Tortoise Beetles.—There is one family of insects, the members of which cannot fail to strike the traveller by their singular beauty, the Cassidiadae or tortoise beetles, in which the outer shell overlaps the body, and the limbs are susceptible of being drawn entirely within it. The rim is frequently of a different tint from the centre, and one species which I have seen is quite startling from the brilliancy of its colouring, which gives it the appearance of a ruby enclosed in a frame of pearl; but this wonderful effect disappears immediately on the death of the insect.[1]

[Footnote 1: One species, the Cassida farinosa, frequent in the jungle which surrounded my official residence at Kandy, is covered profusely with a snow-white powder, arranged in delicate filaments, which it moves without dispersing: but when dead they fall rapidly to dust.]

ORTHOPTERA. The Soothsayer.—But the admiration of colours is still less exciting than the astonishment created by the forms in which some of the insect families present themselves, especially the "soothsayers" (Mantidae) and "walking leaves." The latter[1], exhibiting the most cunning of all nature's devices for the preservation of her creatures, are found in the jungle in all varieties of hue, from the pale yellow of an opening bud to the rich green of the full-blown leaf, and the withered tint of decaying foliage. And so perfect is the imitation in structure and articulation, that these amazing insects when at rest are almost indistinguishable from the verdure around them: not the wings alone being modelled to resemble ribbed and fibrous follicles, but every joint of the legs being expanded into a broad plait like a half-opened leaflet.

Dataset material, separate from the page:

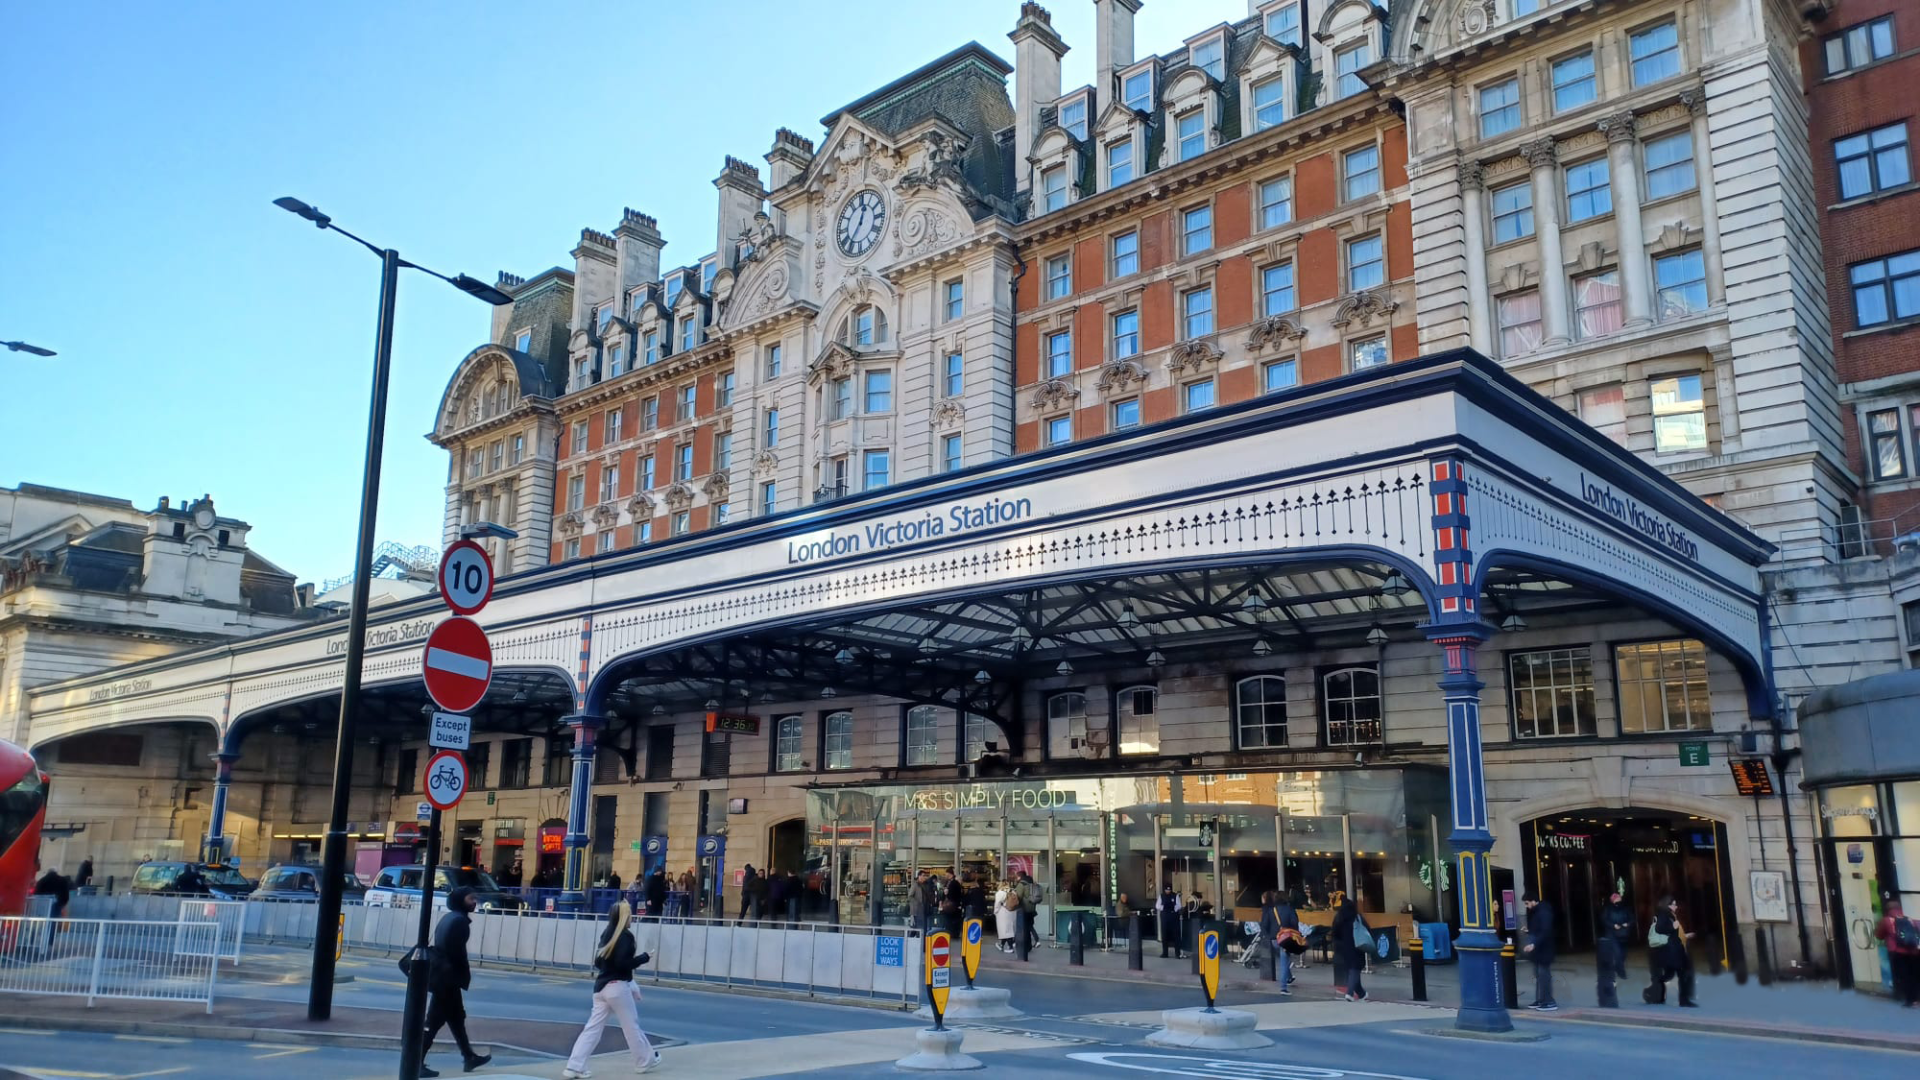 Barhale has been awarded the Victoria Station Trunk Main Replacement contract
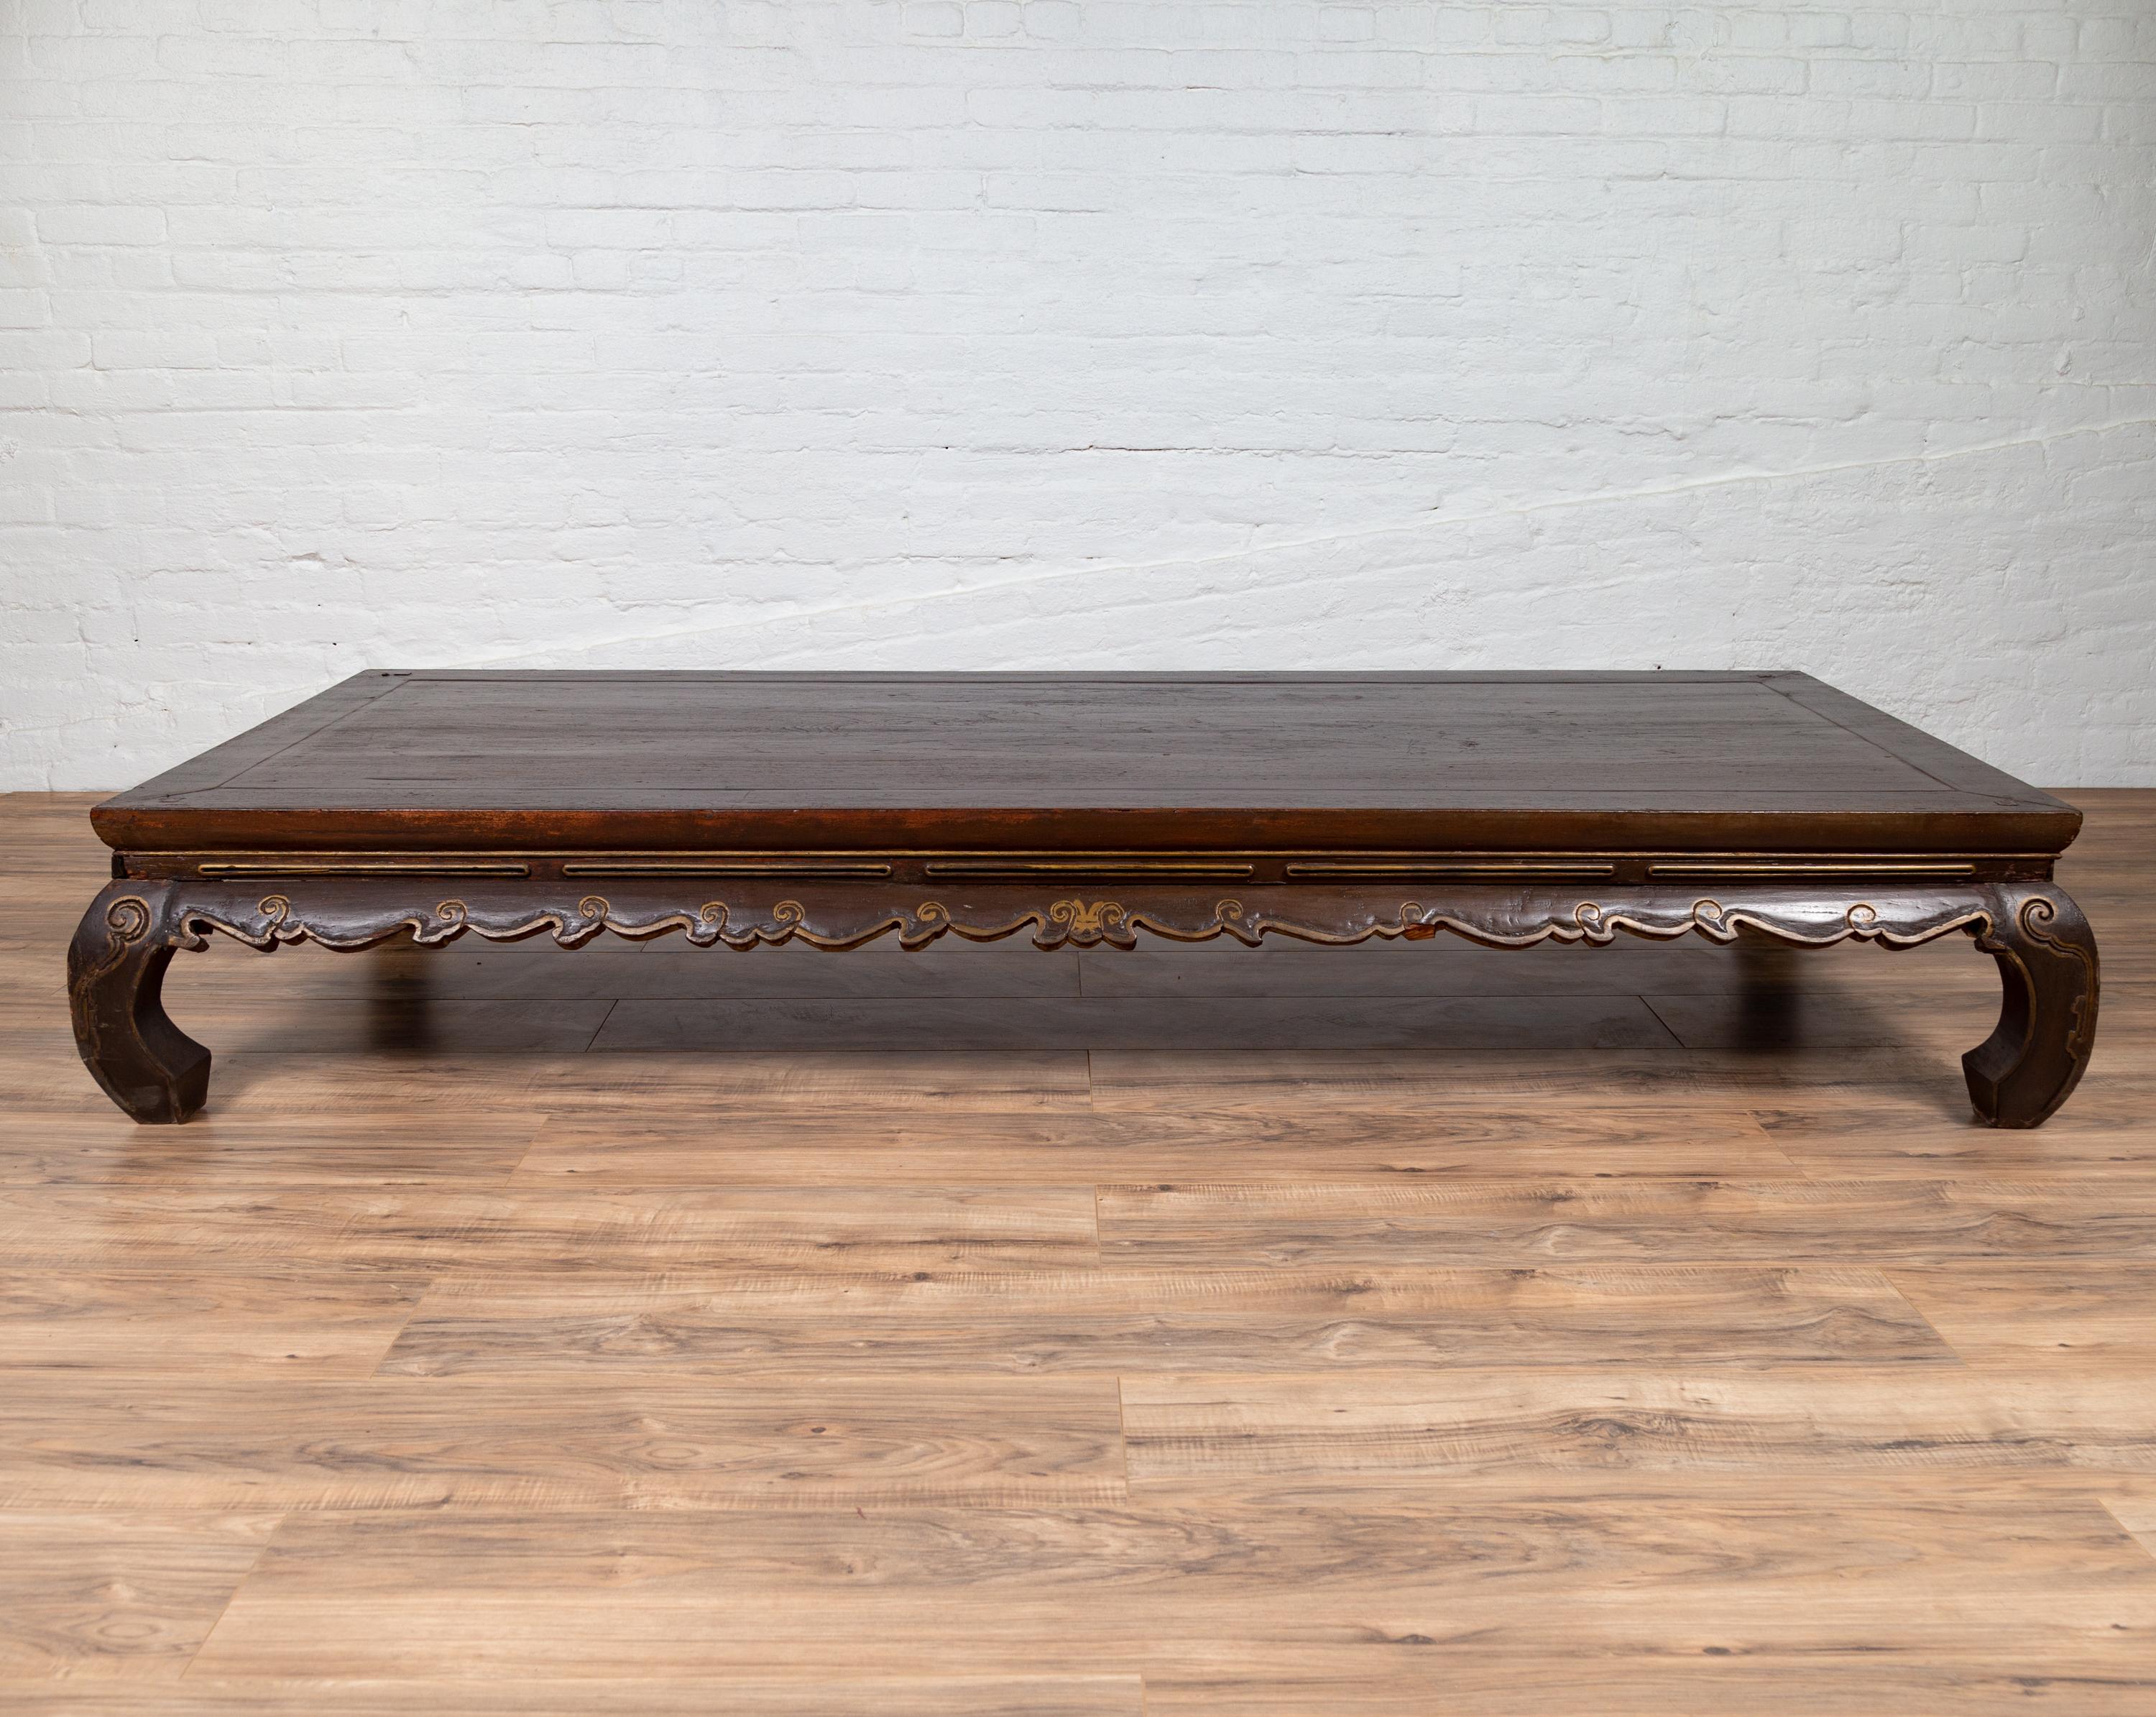 A large antique northern Chinese Ming Dynasty style kang opium bed from the early 20th century, with bulging chow legs and hand-carved frieze in scroll pattern. Born in China during the early years of the 20th century, this exquisite opium bed could

[Footnote 1: Phyllium siccifolium.]

It rests on its abdomen, the legs serving to drag it slowly along, and thus the flatness of its attitude serves still further to add to the appearance of a leaf. One of the most marvellous incidents connected with its organisation was exhibited by one which I kept under a glass shade on my table; it laid a quantity of eggs, that, in colour and shape, were not to be discerned from seeds. They were brown and pentangular, with a short stem, and slightly punctured at the intersections.



The "soothsayer," on the other hand (Mantis superstitiosa Fab.[1]), little justifies by its propensities the appearance of gentleness, and the attitudes of sanctity, which have obtained for it its title of the praying mantis. Its habits are carnivorous, and degenerate into cannibalism, as it preys on the weaker individuals of its own species. Two which I enclosed in a box were both found dead a few hours after, literally severed limb from limb in their encounter. The formation of the foreleg enables the tibia to be so closed on the sharp edge of the thigh as to amputate any slender substance grasped within it.

[Footnote 1: M. aridifolia and M. extensicollis, as well as Empusa gongyloides, remarkable for the long leaf-like head, and dilatations on the posterior thighs, are common in the island.]

The Stick-insect—The Phasmidoe or spectres, another class of orthoptera, present as close a resemblance to small branches or leafless twigs as their congeners do to green leaves. The wing-covers, where they exist, instead of being expanded, are applied so closely to the body as to detract nothing from its rounded form, and hence the name which they have acquired of "walking-sticks." Like the Phyllium, the Phasma lives exclusively on vegetables, and some attain the length of several inches.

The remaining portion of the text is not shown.